What the exercise asks: Starting with the line in which "Coyote 31-Inch or" appears, give back every line exactly as written until the listing ends, excluding pictures.

Recorded information:
════════════════════

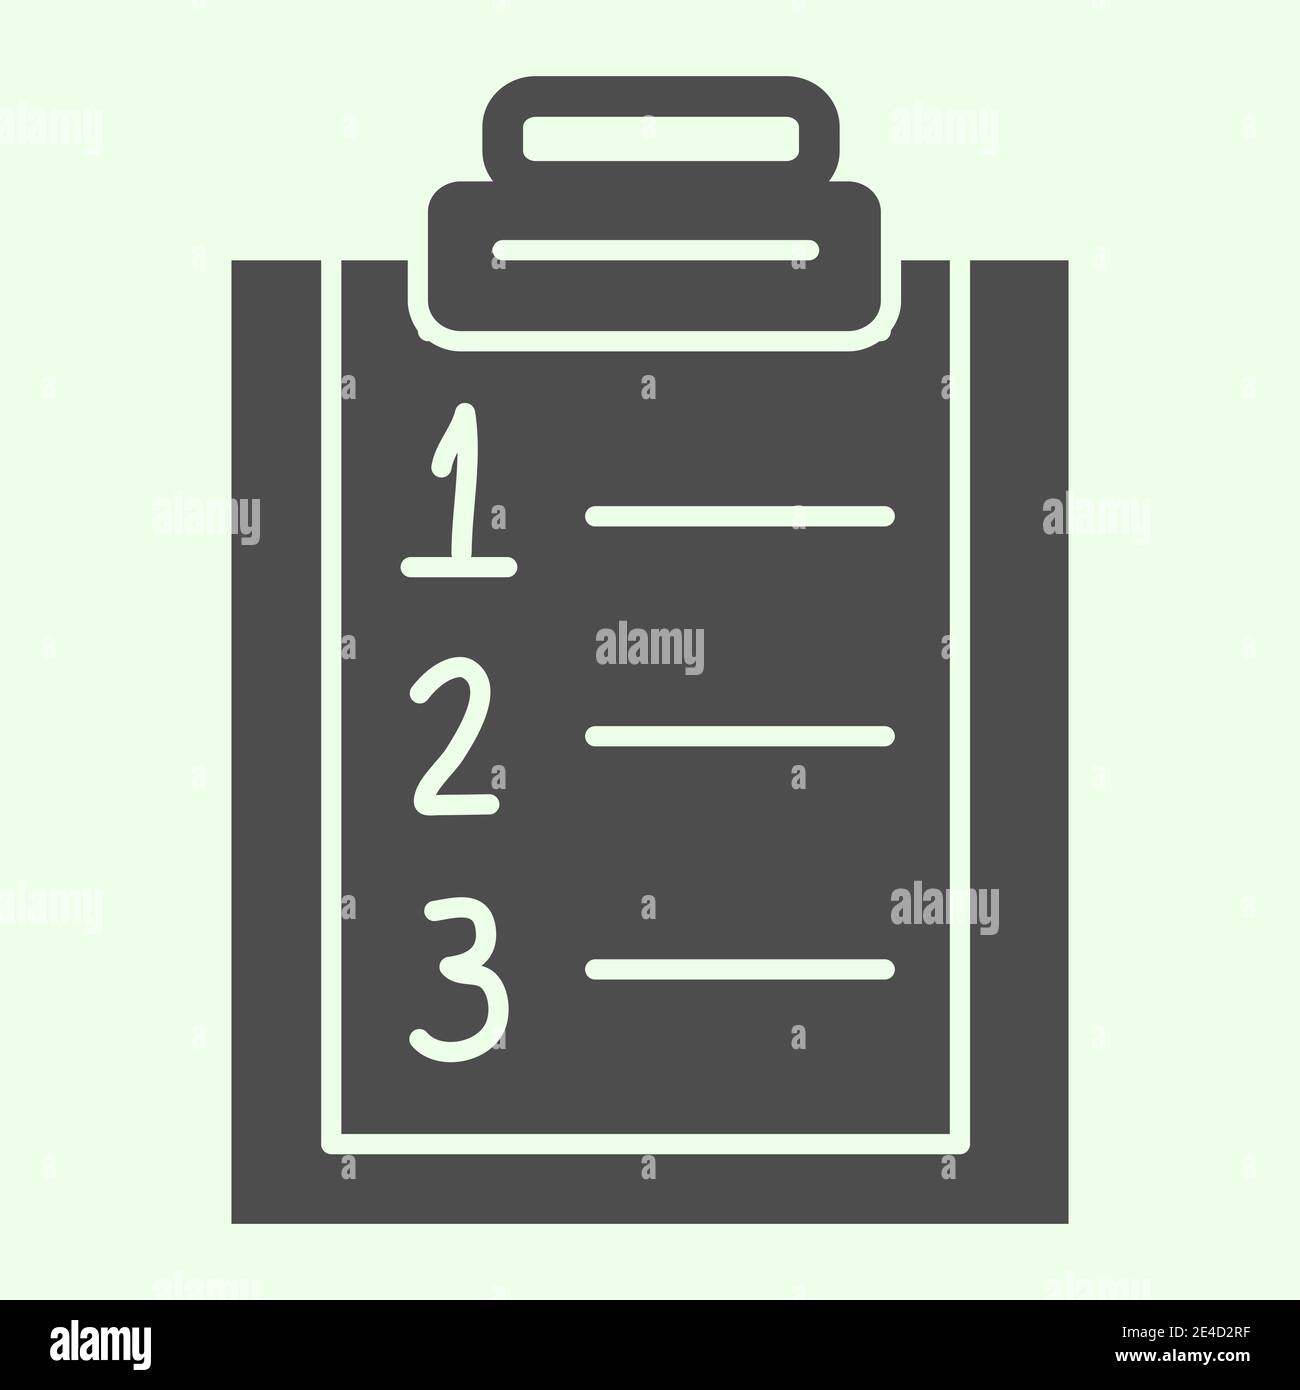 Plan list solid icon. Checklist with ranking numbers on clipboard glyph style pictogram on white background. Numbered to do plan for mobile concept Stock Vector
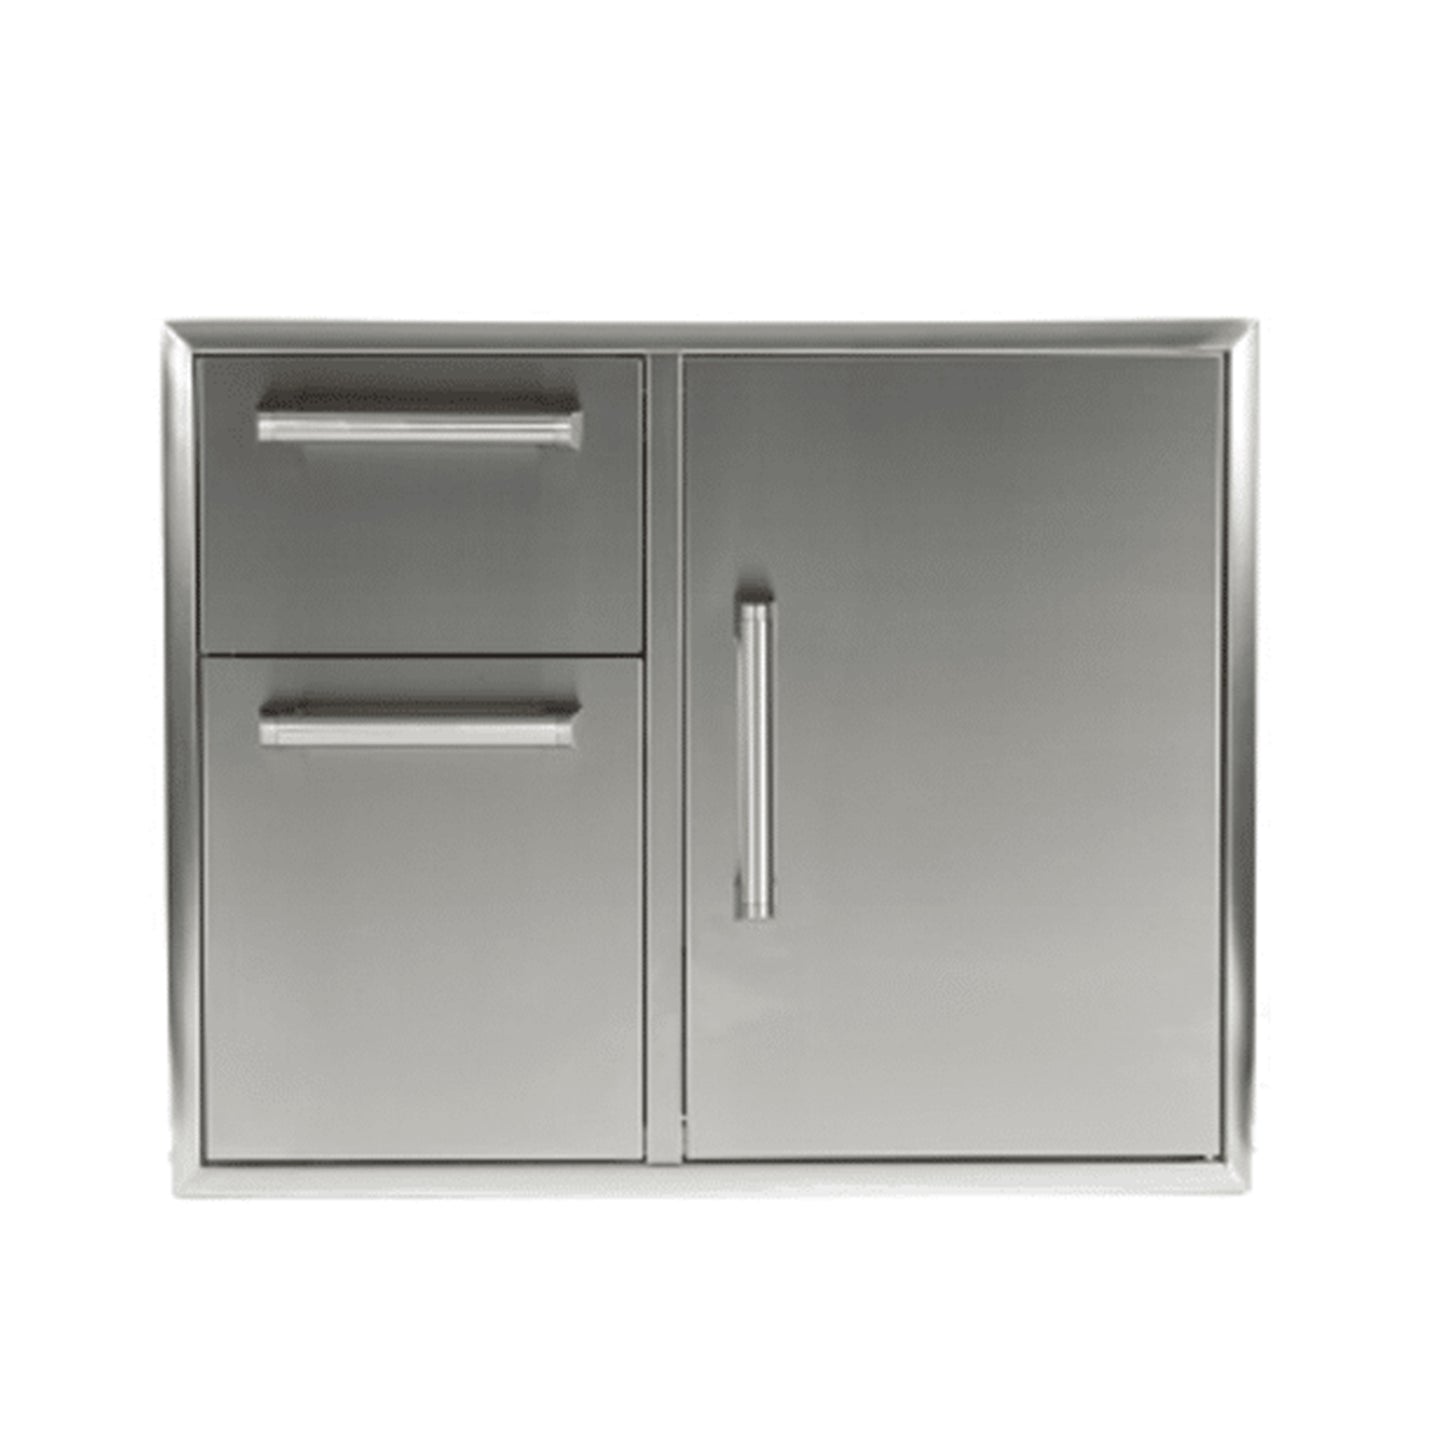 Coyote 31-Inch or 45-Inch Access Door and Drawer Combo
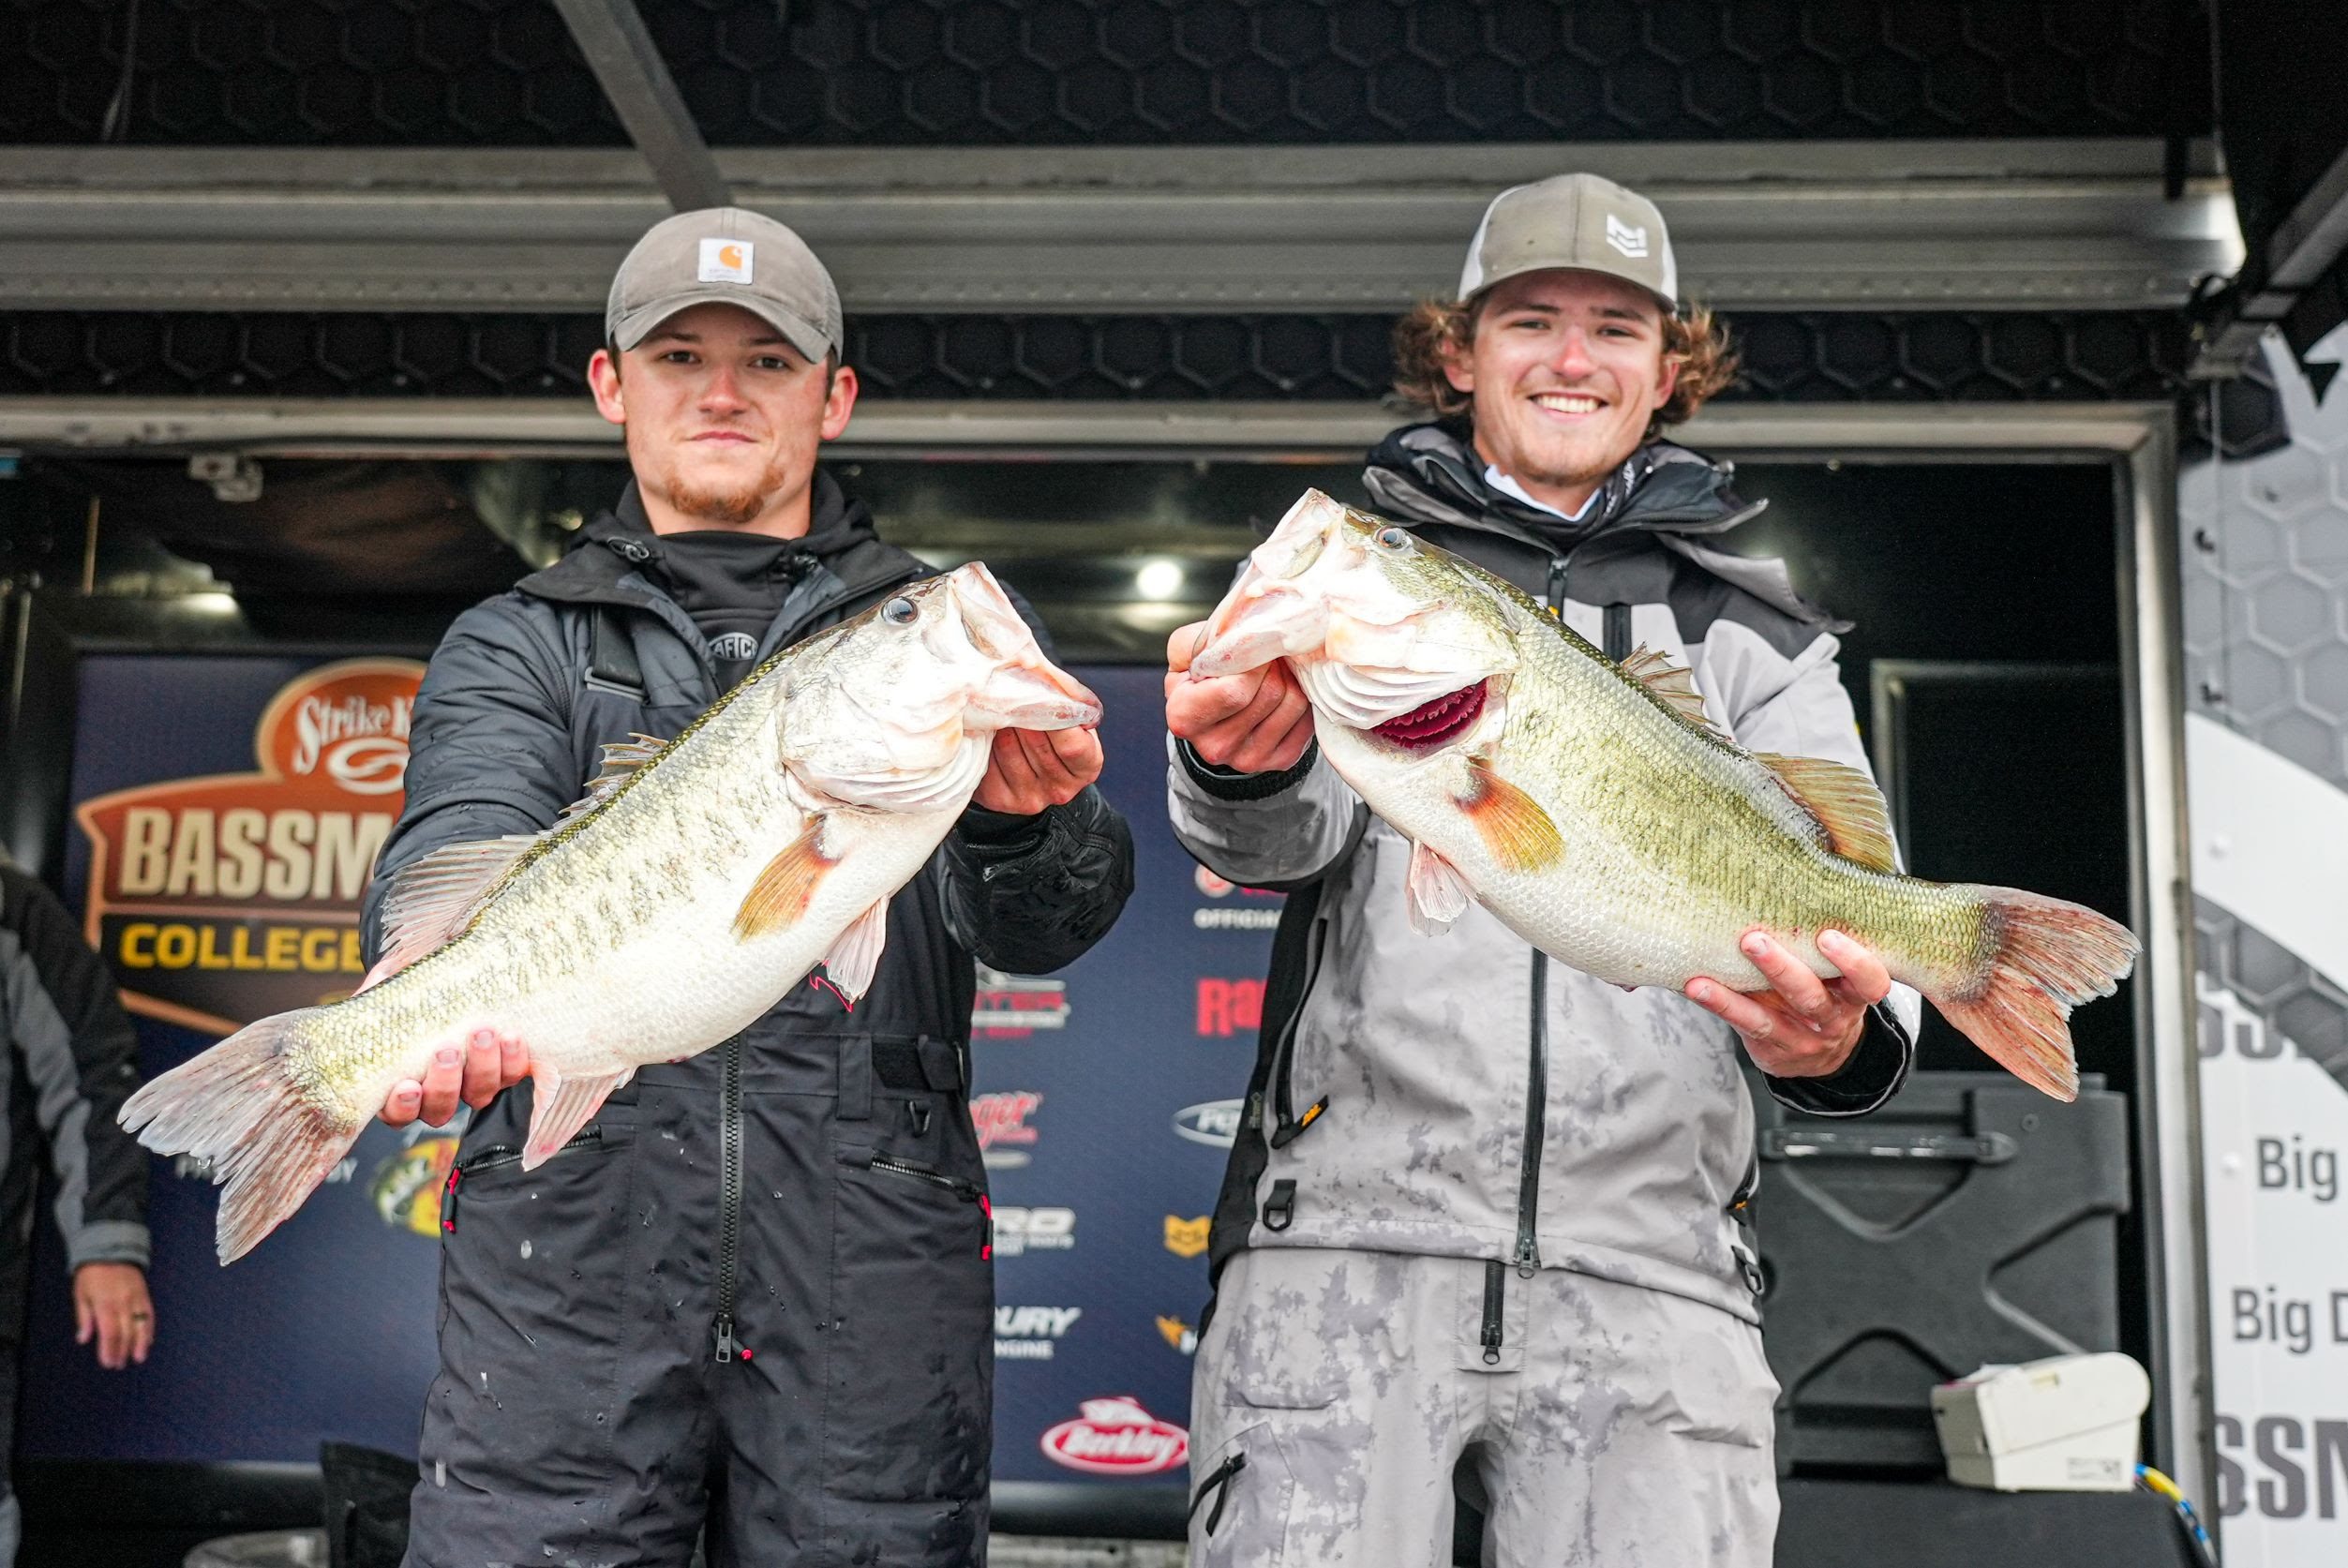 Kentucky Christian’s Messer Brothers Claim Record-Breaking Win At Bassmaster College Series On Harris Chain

════════════════════

Result for this task:
 Coyote 31-Inch or 45-Inch Access Door and Drawer Combo
 Kentucky Christian’s Messer Brothers Claim Record-Breaking Win At Bassmaster College Series On Harris Chain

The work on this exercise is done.